They say great ideas come to mind when you least expect them. For me, it was while staring out the window of a Regional Transit train to avoid staring at the homeless woman snoring and slouching drunkenly in a seat across the aisle.
That was the sweltering afternoon in June that I decided to ditch my car and take RT to Sacramento City College to see Hillary Clinton rile up a room full of Democrats. From downtown, it’s an easy ride, if a boring one.
The train weaves in a nonsensical pattern through downtown and midtown, before meandering across Broadway and into Curtis Park. There’s not much to see along the way. Mostly blank walls, save one patch of lines and red squares and “WERD” scrawled in all black by a sloppy tagger.
Sacramento can do better, I thought.
Why not get a dozen or so graffiti artists to tag the walls and create a series of beautiful murals? Why not ask artists from various neighborhoods near the tracks to do it? It’d cost less than $100 and take no more than a day. At the very least, it would be right up RT’s cash-strapped alley.
“How hard could it be?” I wondered aloud. The homeless woman opened one eye and snorted. It’s as if she knew.
The answer to my very naive question is harder than one would imagine.
Harder than it needs to be. Indeed, this is the problem in Sacramento. Many things, not just community-based public art projects, are harder than they need to be.
This is a city where leaders talk a good game about building an environment where young professionals want to live and work and make their mark. But, often what happens is people have ideas – good, creative, out-of-the-box ideas – and they get farmed out to task forces and buried in bureaucracy.
It’s a mentality that pervades everything from finishing the bike lanes downtown to finding solutions to homelessness. One way or another, it must change if residents, particularly younger, poorer residents without connections, are ever going to feel like they have a bigger stake in Sacramento’s evolution.
Tre Borden knows all about this struggle. He was the project manager for “Bright Underbelly,” the gorgeous mural that now graces the underside of the W-X Freeway, where the city’s largest farmers market is held every Sunday.
At the ribbon-cutting in March, it was a veritable who’s who of bureaucrats and business leaders, all eager to take some credit for making the project a reality. But when Borden first came up with the idea in 2011, fresh from a trip overseas where he spotted a cool mural on an otherwise stodgy bridge, he was alone, fighting the good fight.
“I asked: ‘Why can’t we do this?’ ” he said. “And everybody’s response was, ‘I don’t know. Let me know how that works out.’ ”
It wasn’t just about doing a mural. It was about figuring out who to ask for permission to paint it. Turns out it was Caltrans, not the farmers market.
Then it was finding the right people within Caltrans to work out the details. That changed a lot. “When you have a bureaucracy as large as Caltrans,” Borden said, “the left hand doesn’t know what the right hand is doing.”
Then it was getting proper permits from the city.
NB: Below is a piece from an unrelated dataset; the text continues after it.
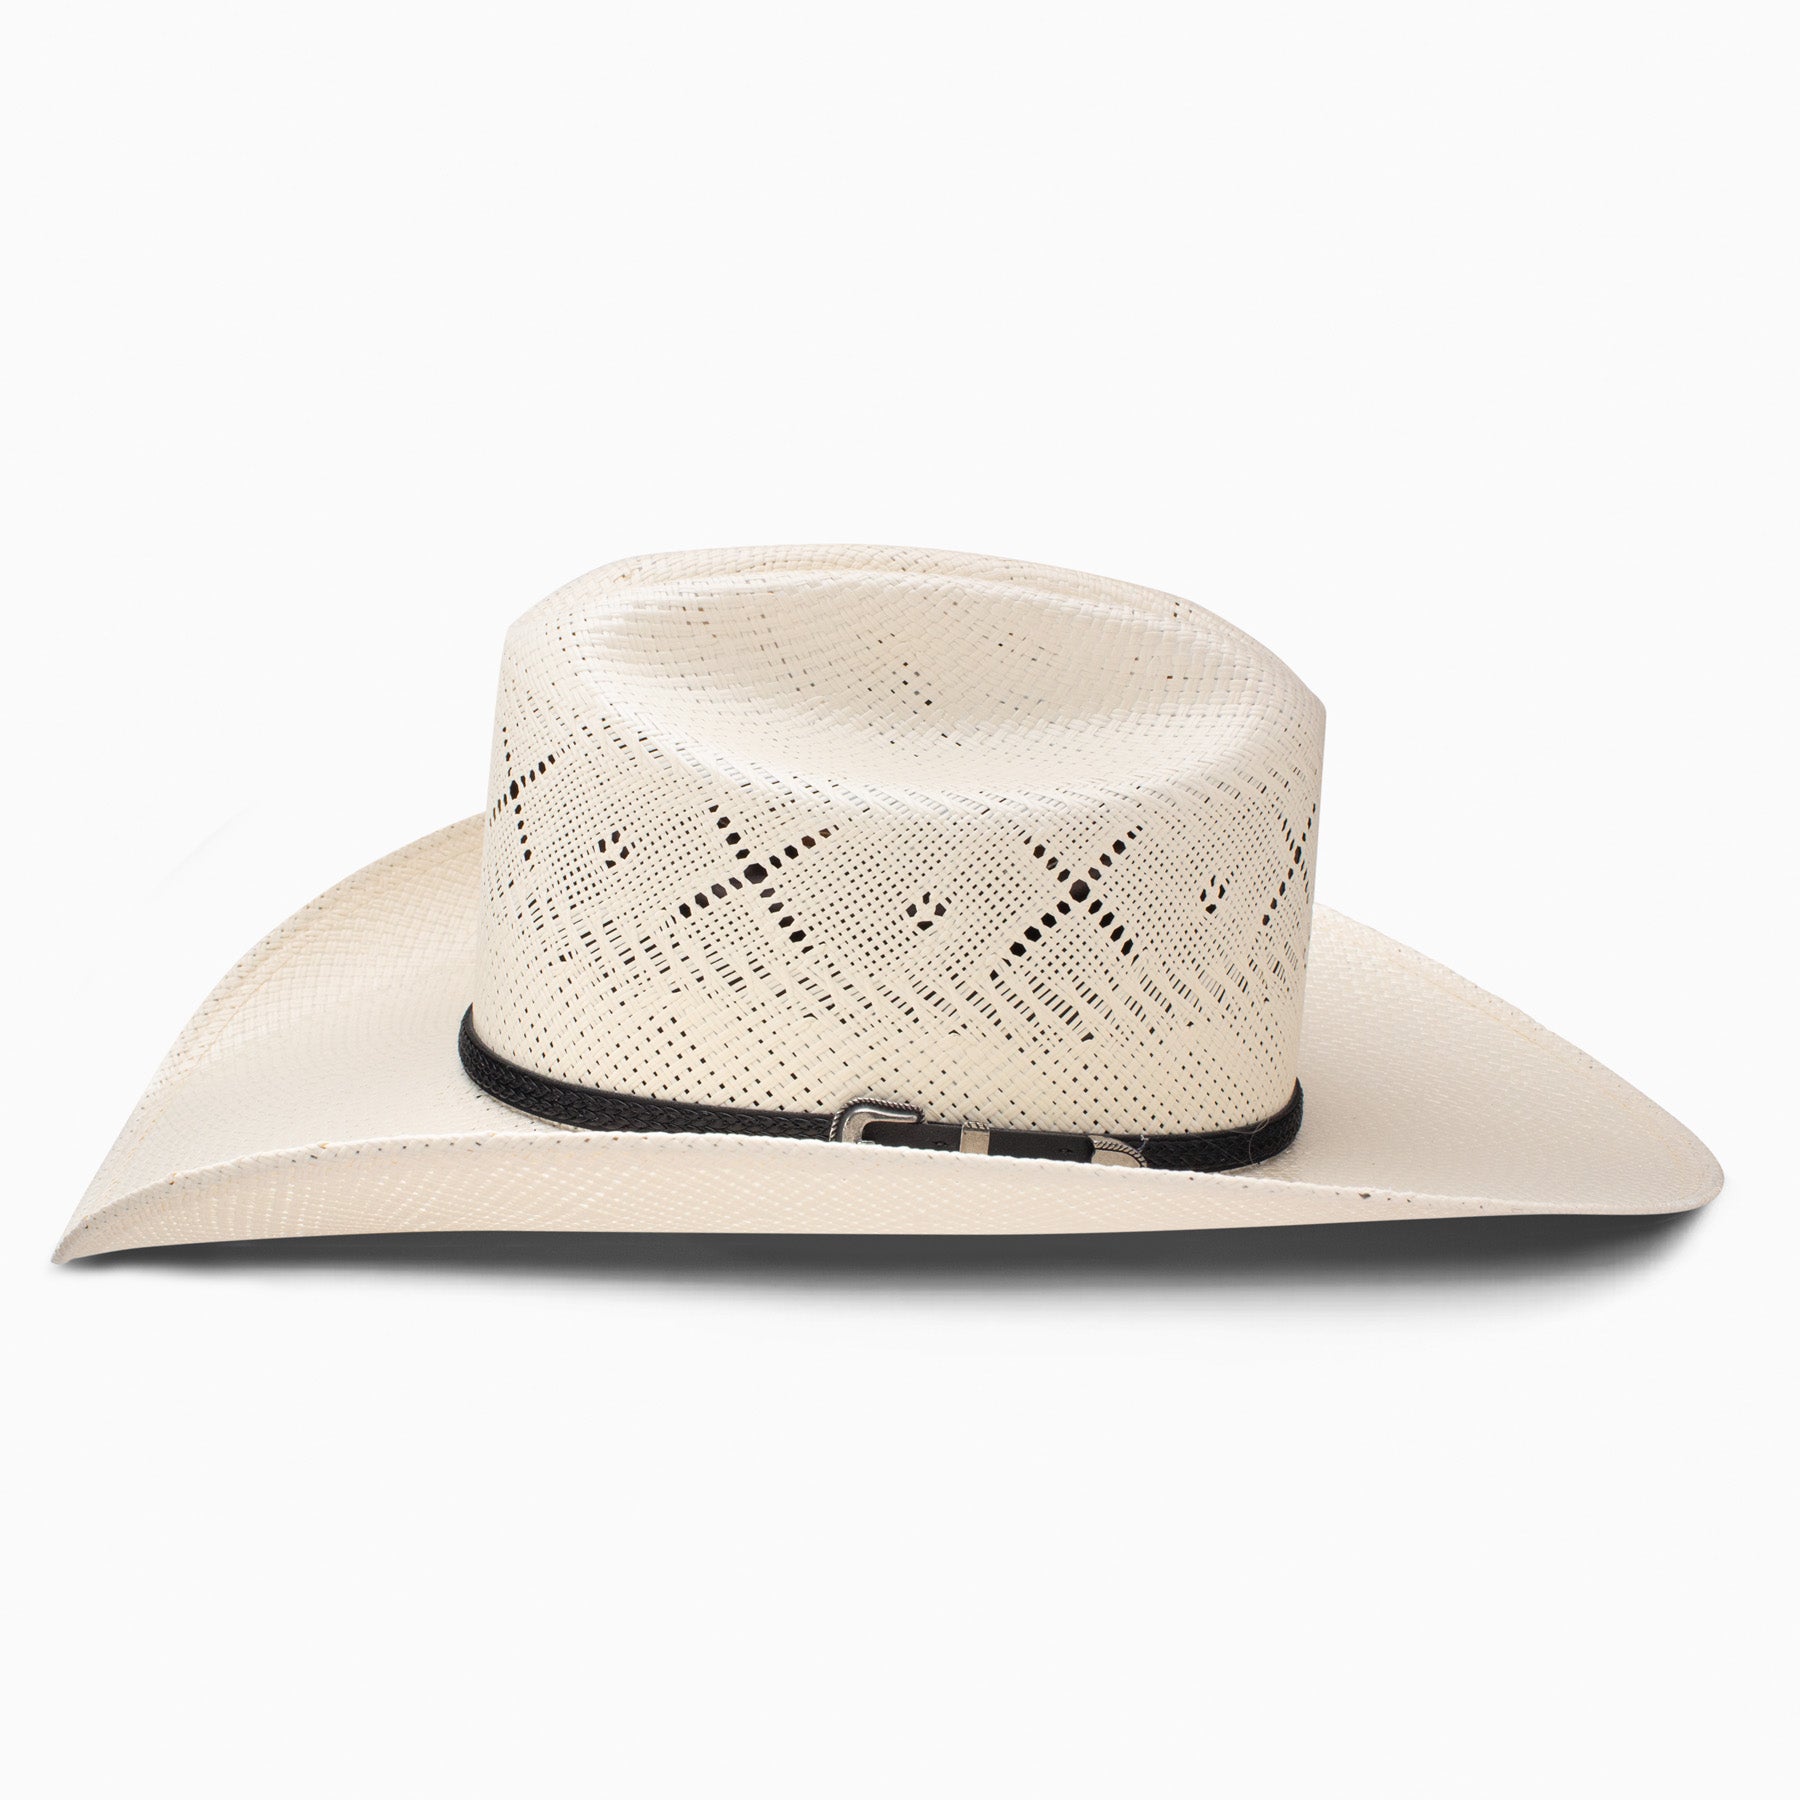 George Strait All My Ex's 20X Shantung Cowboy Hat - One 2 mini Ranch

Then it was finding the funding, the bulk of which came from the California Endowment and Kaiser Permanente.
All in all, “Bright Underbelly” was shelved once and then took two years of steady work with artists Sofia Lacin and Hennessy Christophel to actually finish.
“There were plenty of times we thought we were done and then it would be seven more months,” Borden said. “We were so naive that we thought this would be done by the summer of 2014.”
From asking around, my guess is doing murals along RT routes would be even more complicated.
An upstart artist would have to figure out who owns each building and get their blessing. Then, he or she would have to determine who owns the land around the tracks. Unfortunately, it’s probably not RT, but Union Pacific Railroad, which is its own nightmare of bureaucracy. Then, there would be safety regulations to follow and liability issues to sort out. And then wait weeks or even months to get permits for the painting itself.
You get the idea.
The good thing is, in fits and starts, things are starting to change in Sacramento. That was actually one of Borden’s goals in doing “Bright Underbelly.” He wanted to create a model for navigating bureaucracy for other young artists with good, out-of-the-box ideas to follow.
The next test will be a makeover of the RT stop at 16th and R streets. Borden is working with RT and a number of other public agencies and private businesses to get an art project off the ground there.
It’s one of the busiest transit stops in the city, but it also smells of urine and, on most days, is a hangout for people with nowhere else to go.
“That’s the opposite of what you want people from Folsom to see when it’s the first time they’ve been in midtown in forever,” he said.
It’s not an easy task, but Borden has an idea of what he’s in for. And my guess is the more people who take on such projects, the more receptive Sacramento will be to such creativity. It takes pioneers to break down silos of bureaucracy and bureaucrats to make sure those silos stay down.
Who knows? Maybe we’ll even have murals along RT tracks one day.
How should Sacramento make it easier for creative people to have an impact on the city?